Most shops also carry leather, cotton and nylon string, hand-hammered silver clasps, hooks, and other fixings, as bead accessories are known. And the proprietors offer free advice.

“We’ll help them make it and design it right there at the store, “ says Raylene Fabula, manager of Beads, Beads in Orange.

Michelle Balco, manager of C&S; Beads in Torrance, suggests putting together long strands of round beads for a flapper look, leather strands with a single bead for the ‘90s hippie look, or Austrian crystal beads to accompany a “nice simple dress, if you’re going out for an elegant dinner.”

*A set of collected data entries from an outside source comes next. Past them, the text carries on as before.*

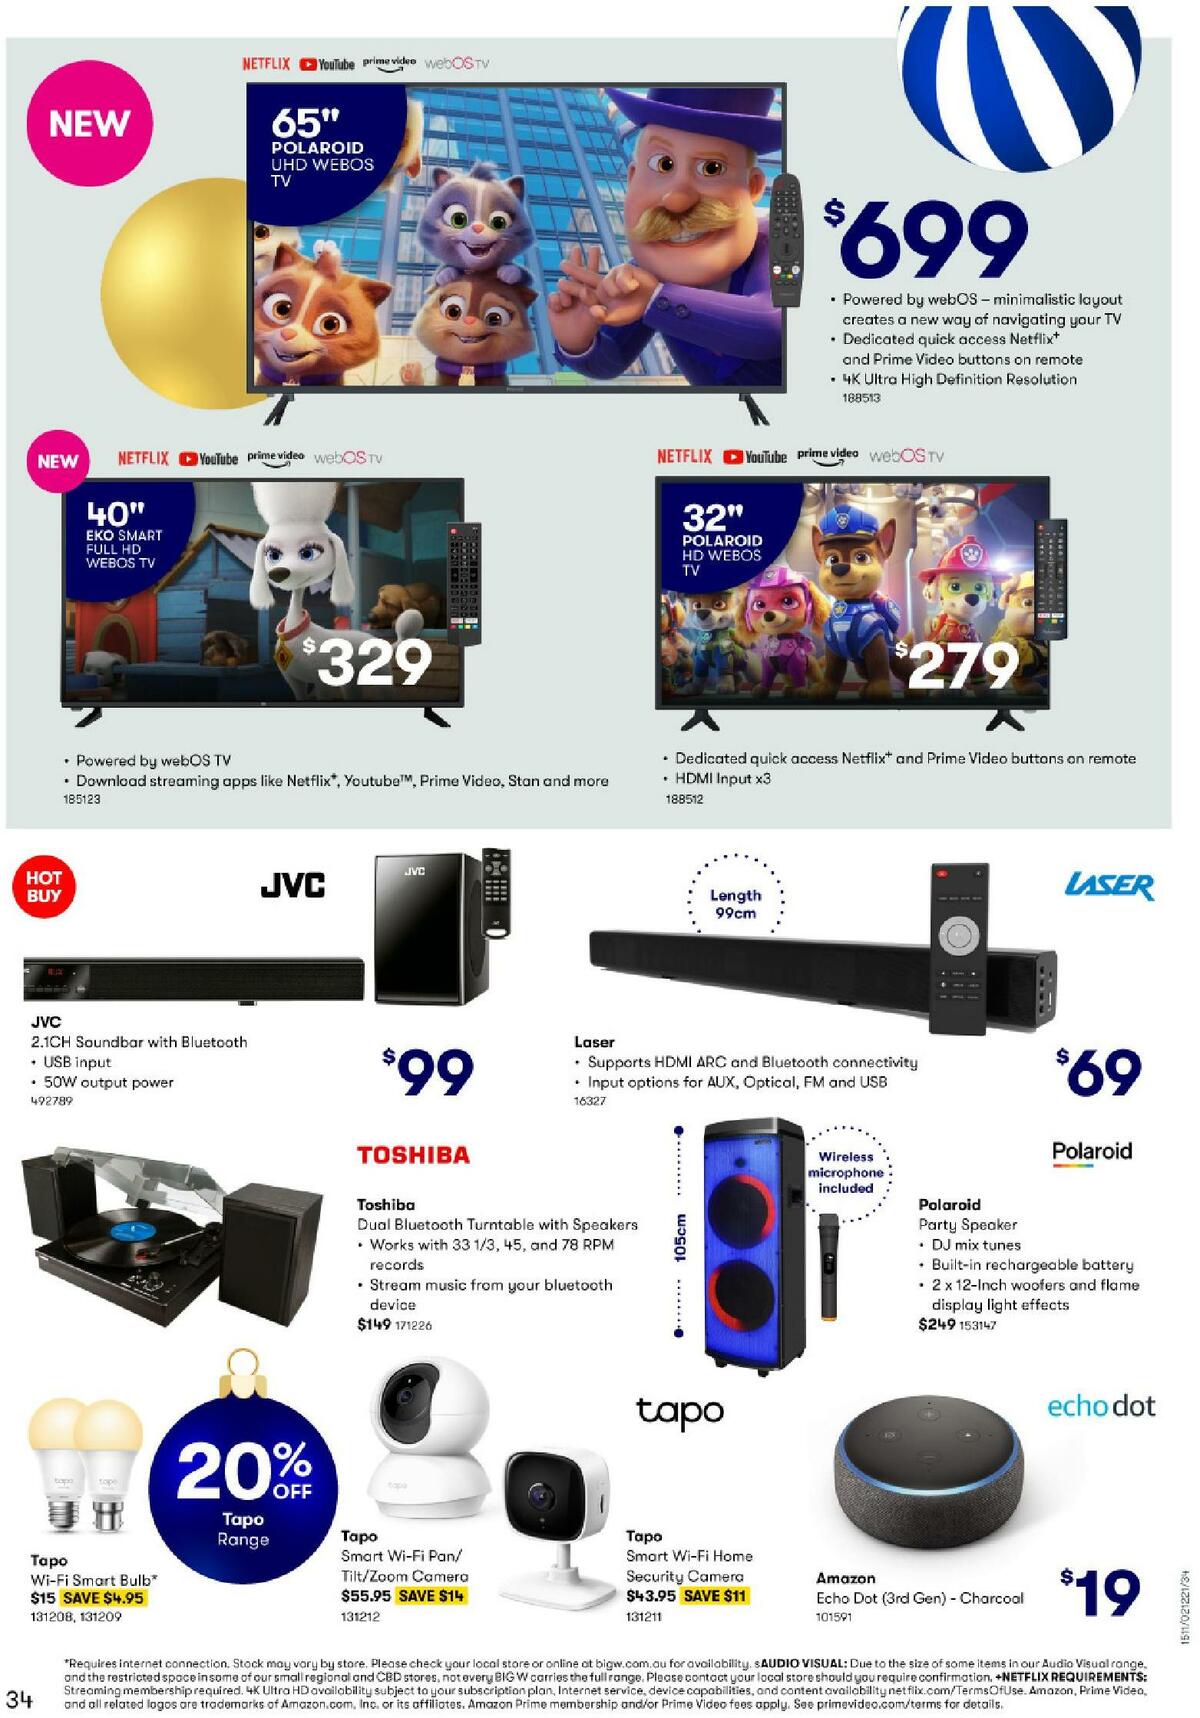 Big W Catalogues from 2 December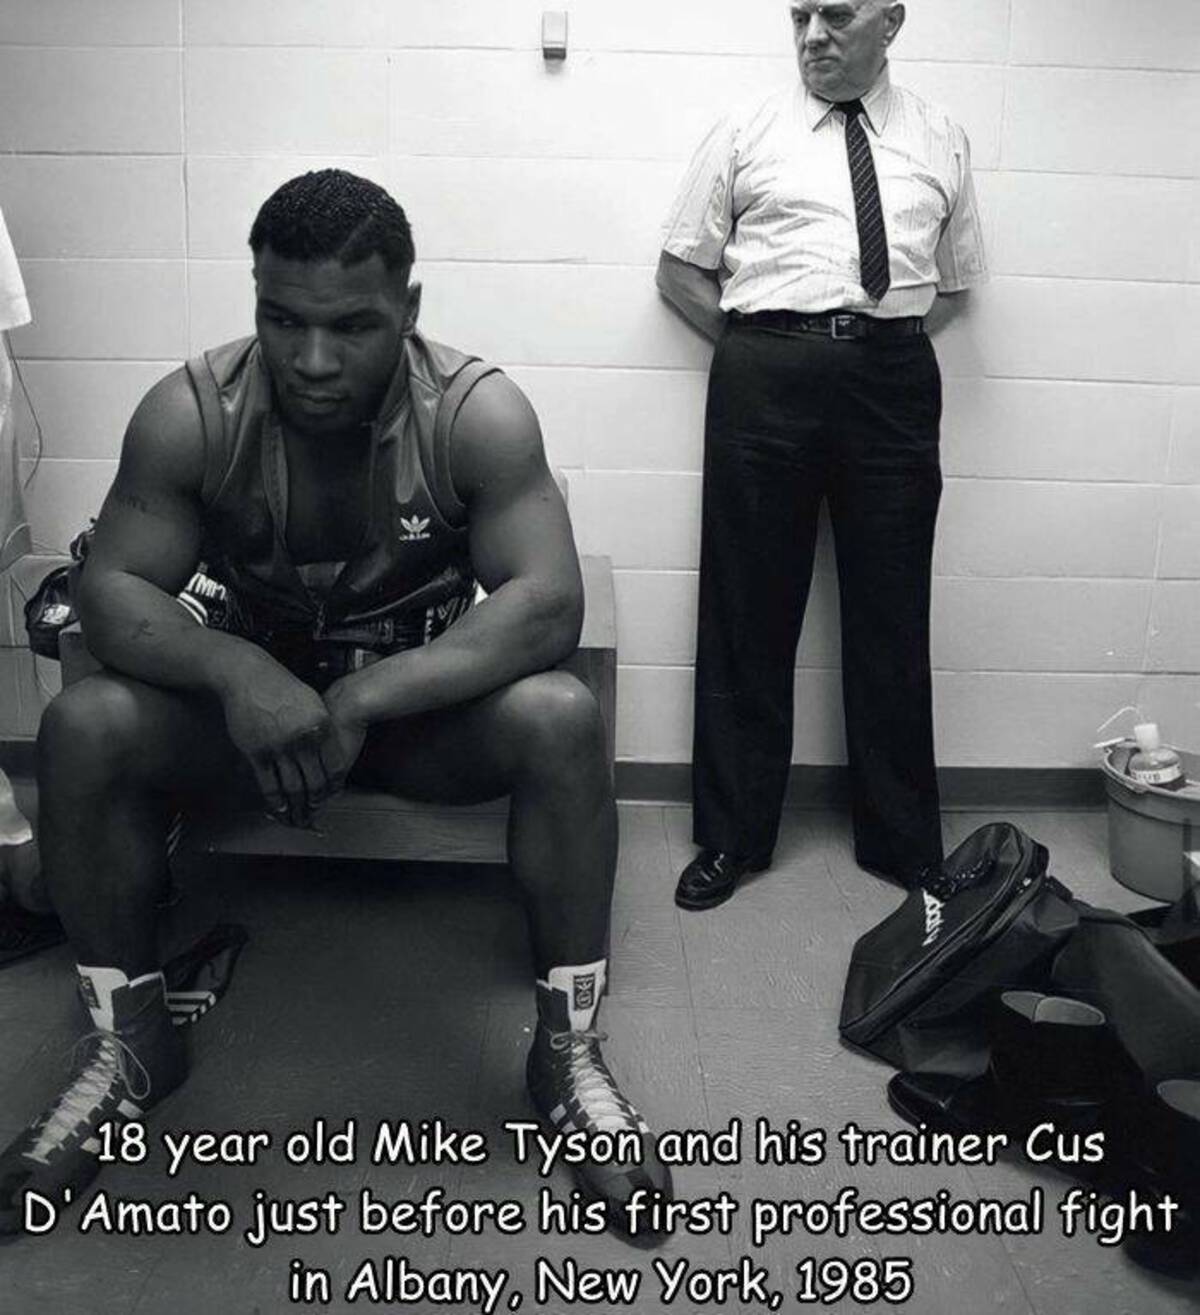 mike tyson cus d amato - 18 year old Mike Tyson and his trainer Cus D'Amato just before his first professional fight in Albany, New York, 1985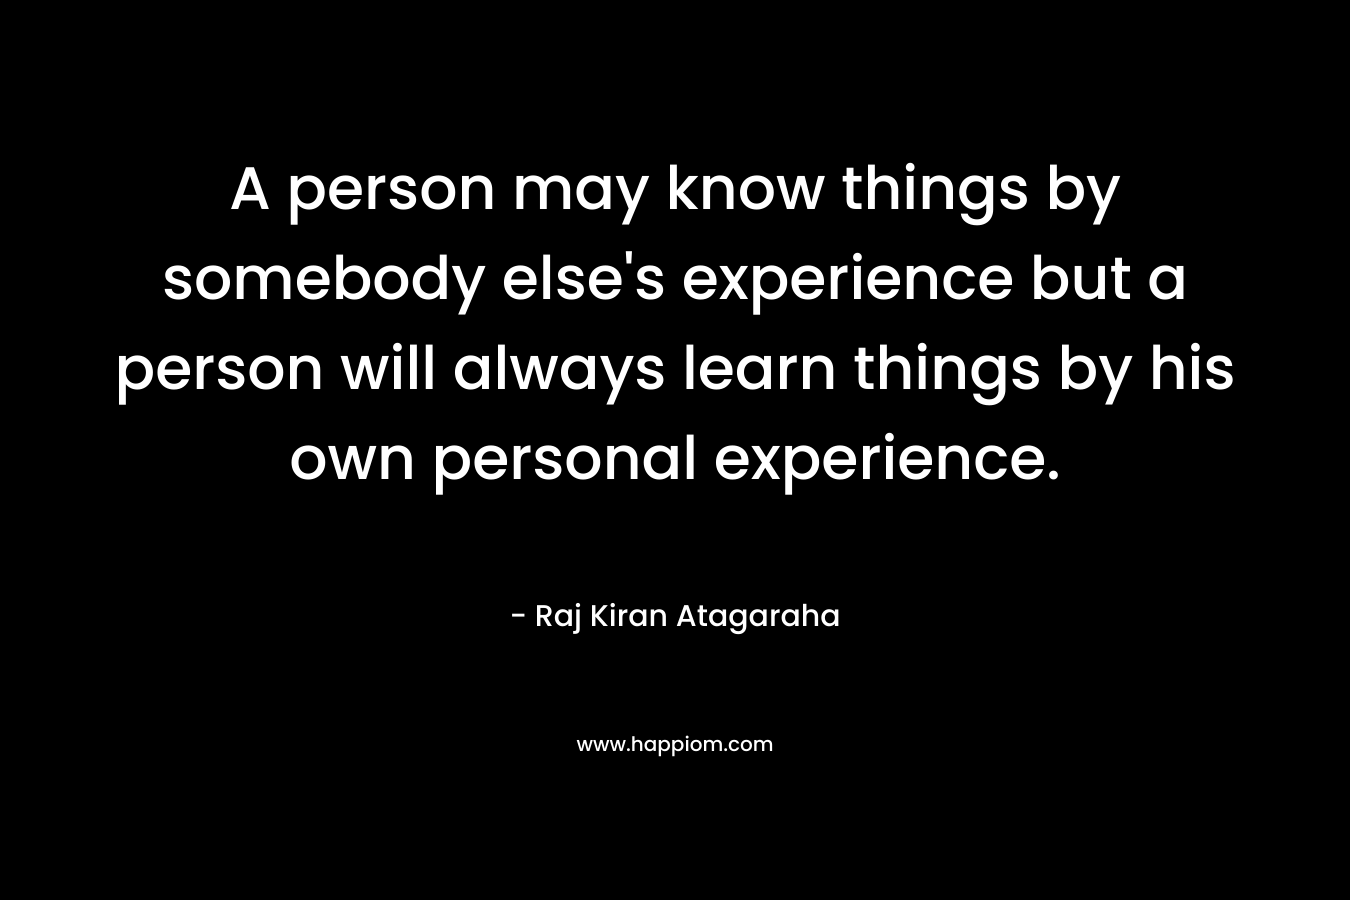 A person may know things by somebody else's experience but a person will always learn things by his own personal experience.

Or you can buy a finished piece.

At Ritual Adornment, which eschews plastic beads and those made from animal products, such as ivory or bone, Cummins’ creations include earrings of silver and Mediterranean coral beads for $33. A necklace of Tibetan turquoise and Ethiopian granulated silver beads fetches $63. A 63-inch necklace of Czech glass beads in peach, cobalt, crystal and emerald green strung on a black nylon rope goes for $25.

Rita Okrent, president of the Bead Society, a 20-year-old group dedicated to collecting and discussing beads, lives in West Los Angeles and designs jewelry that has sold at Saks and The Hand and the Spirit Gallery in Scottsdale, Ariz. She favors ethnic rather than fine-art styles, and her designs sell for $150 to $500.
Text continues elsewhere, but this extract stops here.